You Only Use Reactive Attention Slice For Long Context Retrieval

TL;DR

The paper tackles the challenge of extending LLM context windows without fine-tuning by introducing YOURA, an attention-based retrieval method that ranks sentences using a reaction score derived from changes in the model's attention distribution. A key innovation is the Reaction Vector and its averaging into a Reaction Score to selectively retrieve the most informative sentences, combined with Embedding-Agnostic Sentence Yield (EASY) to robustly map sentences to token indices across diverse tokenizers. Evaluations on LongBench with multiple open-source models show YOURA improves QA quality and substantially increases inference throughput (up to ~30%) by retrieving fewer, more relevant tokens, while maintaining comparable answer accuracy to truncation strategies. The approach is fully fine-tuning-free and integrates with off-the-shelf LLMs, offering a practical path to scalable long-context QA and broader applicability to retrieval-augmented generation tasks.

Abstract

Supporting longer context for Large Language Models (LLM) is a promising direction to advance LLMs. As training a model for a longer context window is computationally expensive, many alternative solutions, such as Retrieval Augmented Generation (RAG), have been used. However, most existing RAG methods adopt embedding-based retrieval that falls short on long contexts. To address such challenges, we propose an attention-based retrieval technique, You Only Use Reactive Attention slice (YOURA). YOURA leverages a novel retrieval heuristic called reaction score to rank the relevance of each sentence in the input context with the query sentence. Intuitively, we measure how the per-token attention score "reacts" to the query and greedily retrieves the most reactive sentences.
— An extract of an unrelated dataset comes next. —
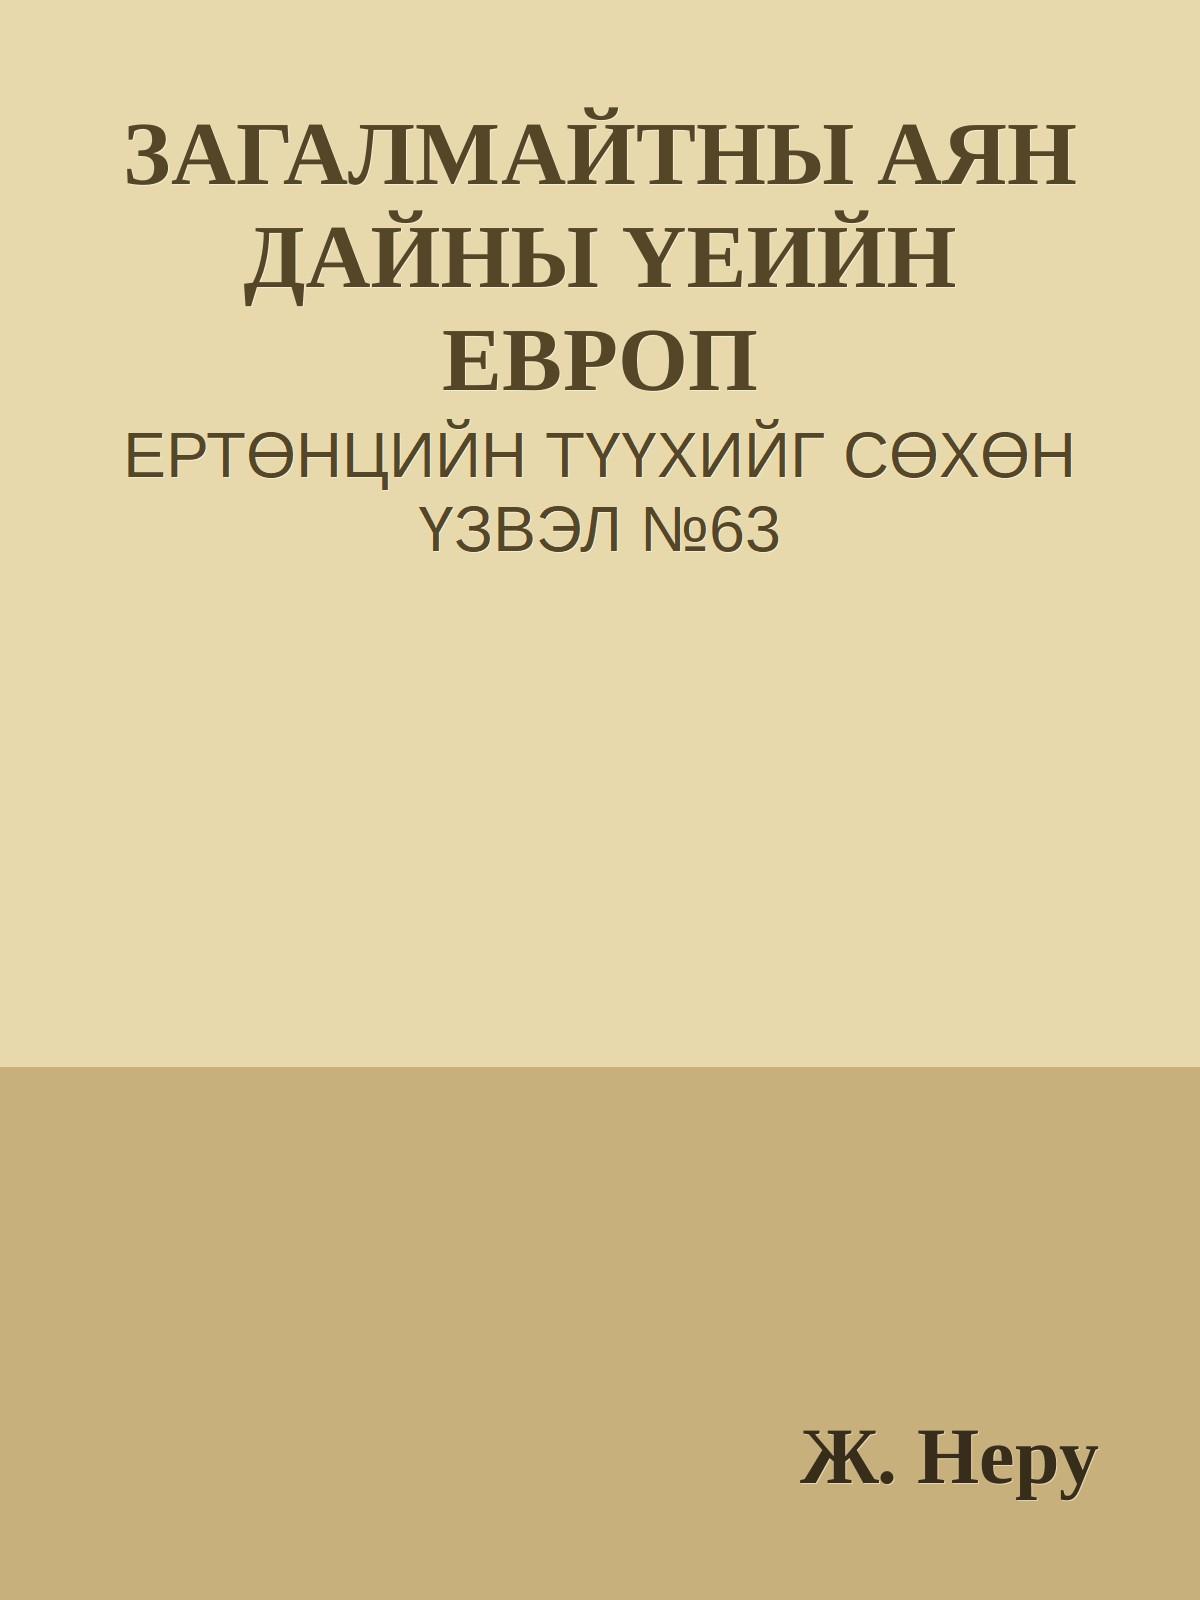 ЗАГАЛМАЙТНЫ АЯН ДАЙНЫ ҮЕИЙН ЕВРОП

Internally, YOURA generates a token-indexed vector (called reaction vector) for the whole input context. To map each sentence to the token-indexed vector, we propose an Embedding-Agnostic Sentence Yield (EASY), a best-effort token wiggling algorithm. We evaluate our retrieval technique on three open-source pre-trained LLM models across six LongBench QA datasets. Our technique achieves up to 30% vLLM inference throughput improvement for serving long-context queries with a nearly identical quality score to the simple yet effective truncate-middle approach.
Paper Structure (32 sections, 7 equations, 3 figures, 7 tables, 1 algorithm)

This paper contains 32 sections, 7 equations, 3 figures, 7 tables, 1 algorithm.

Figures (3)

  • Figure 1: YOURA improves the retrieval quality and inference throughput by retrieving only the "reactive" sentences.
  • Figure 2: Comparison of a typical embedding-based retriever (cosine similarity distance), truncation-based approach, and our attention-based retriever (reaction score). In our evaluation, we show that reaction score is a better retrieval heuristic in terms of quality and performance. Unlike the embedding-based approach, which splits the raw string context into chunks (e.g., sentences) before retrieval, YOURA splits the token-indexed vector, reaction-vector in (c), into chunks. Such an approach requires mapping the raw sentences to token indices. We propose Embedding Agnostic Sentence Yield (EASY) algorithm for the challenge.
  • Figure 3: Overview of YOURA and where it is used in the Retrieval Augmented Generation (RAG) with an example (example context: "I am an amazing researcher. I like LLM.", example query: "Who am I?"). The first step is calculating the reaction vector, an absolute difference between the attention vector with and without the query (left side of the figure). The highlighted cells in the attention matrix indicate that the token pair exhibits a relatively high value (e.g., Who vs. I). Once the reaction vector has been calculated, each sentence is assigned a reaction score, the mean of a corresponding reaction vector slice. To map each sentence to a token sequence, we propose Embedding-Agnostic Sentence Yield (EASY) algorithm (Section \ref{['sec:easy']}). The retriever passes on the sentences with high reaction scores to the augmentor. The pre-trained LLM models generate answers using the augmented text, which includes the task-specific prompt, the retrieved context, and the question.